Puis viennent les enfants. Apparition spectrale, manifestation hallucinée d’une justice vengeresse, figures à la fois angéliques et implacables, ils renversent la logique du récit. Leur discours, empreint de moralisme rigide, rappelle que la pureté n’exclut pas la cruauté. Ils incarnent une forme de justice primitive, implacable, où la punition suit immédiatement la faute, sans appel, sans nuances. Leur violence naïve, leurs couteaux de boucher, leur logique binaire font d’eux des juges pires encore que les adultes.

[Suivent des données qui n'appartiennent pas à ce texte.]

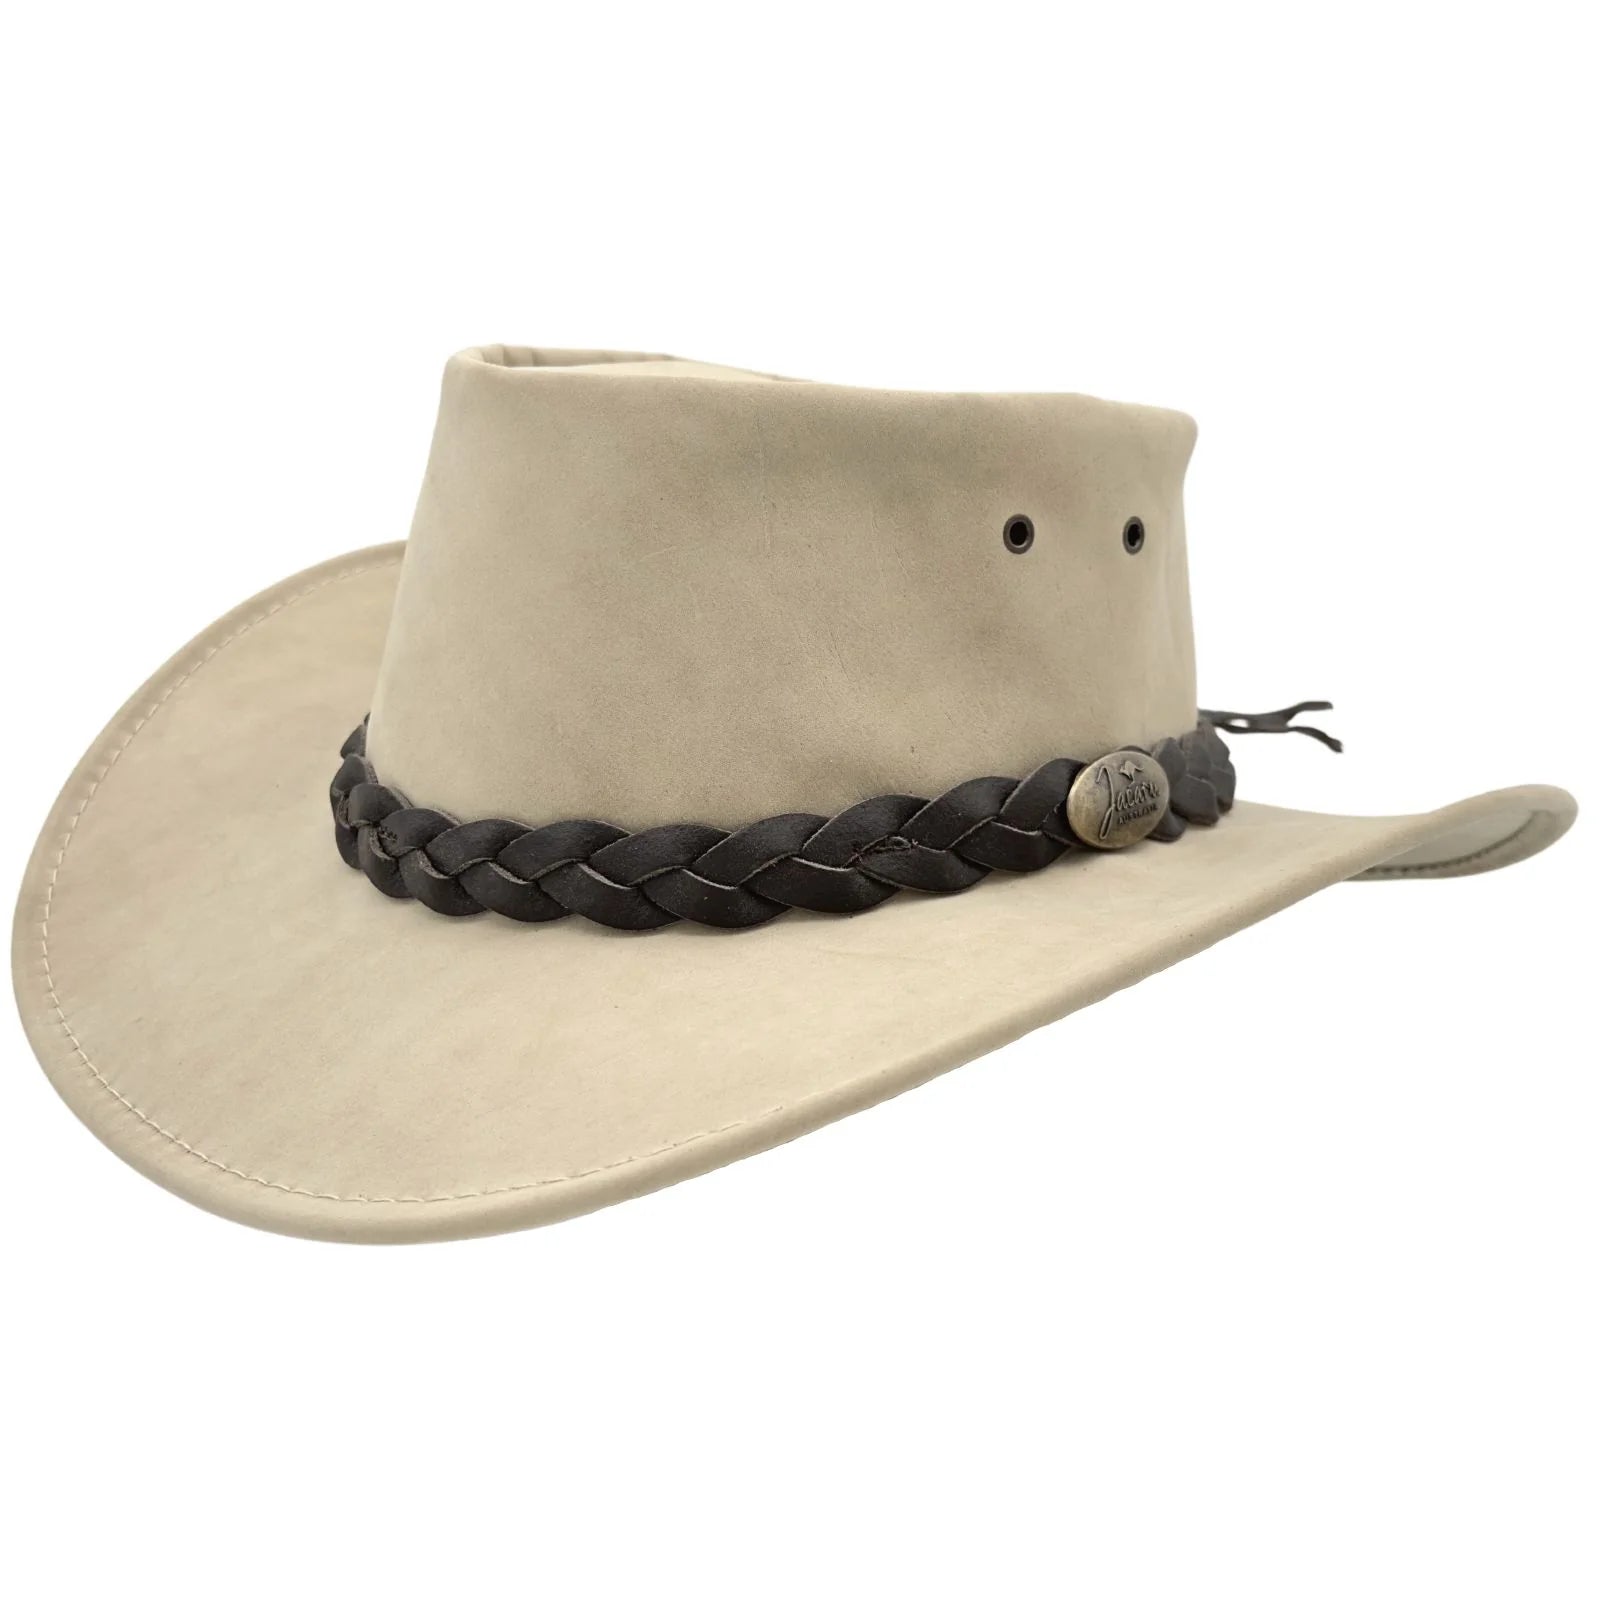 Barmah Hats Sundowner Kangaroo Leather Hat 1019BL / 1019BR

Le protagoniste, au final, ne cherche ni à comprendre ni à affronter ses responsabilités. Il fuit, comme il avait fui sa ville, ses échecs et ses remords. Mais peut-on réellement fuir un jugement intérieur ? Les images de ce village grotesque et de cette meute d’enfants vengeurs hanteront probablement son esprit bien après sa fuite.
Ce récit joue sur le basculement, sur l’étrangeté qui s’infiltre dans le quotidien et transforme une réalité en cauchemar. C’est une satire de la justice, une dénonciation du pouvoir arbitraire, un conte cruel sur la lâcheté et la culpabilité. À travers cet enchaînement absurde et cette esthétique de la fatalité, le texte laisse en nous une sensation troublante, un malaise qui ne s’efface pas aisément.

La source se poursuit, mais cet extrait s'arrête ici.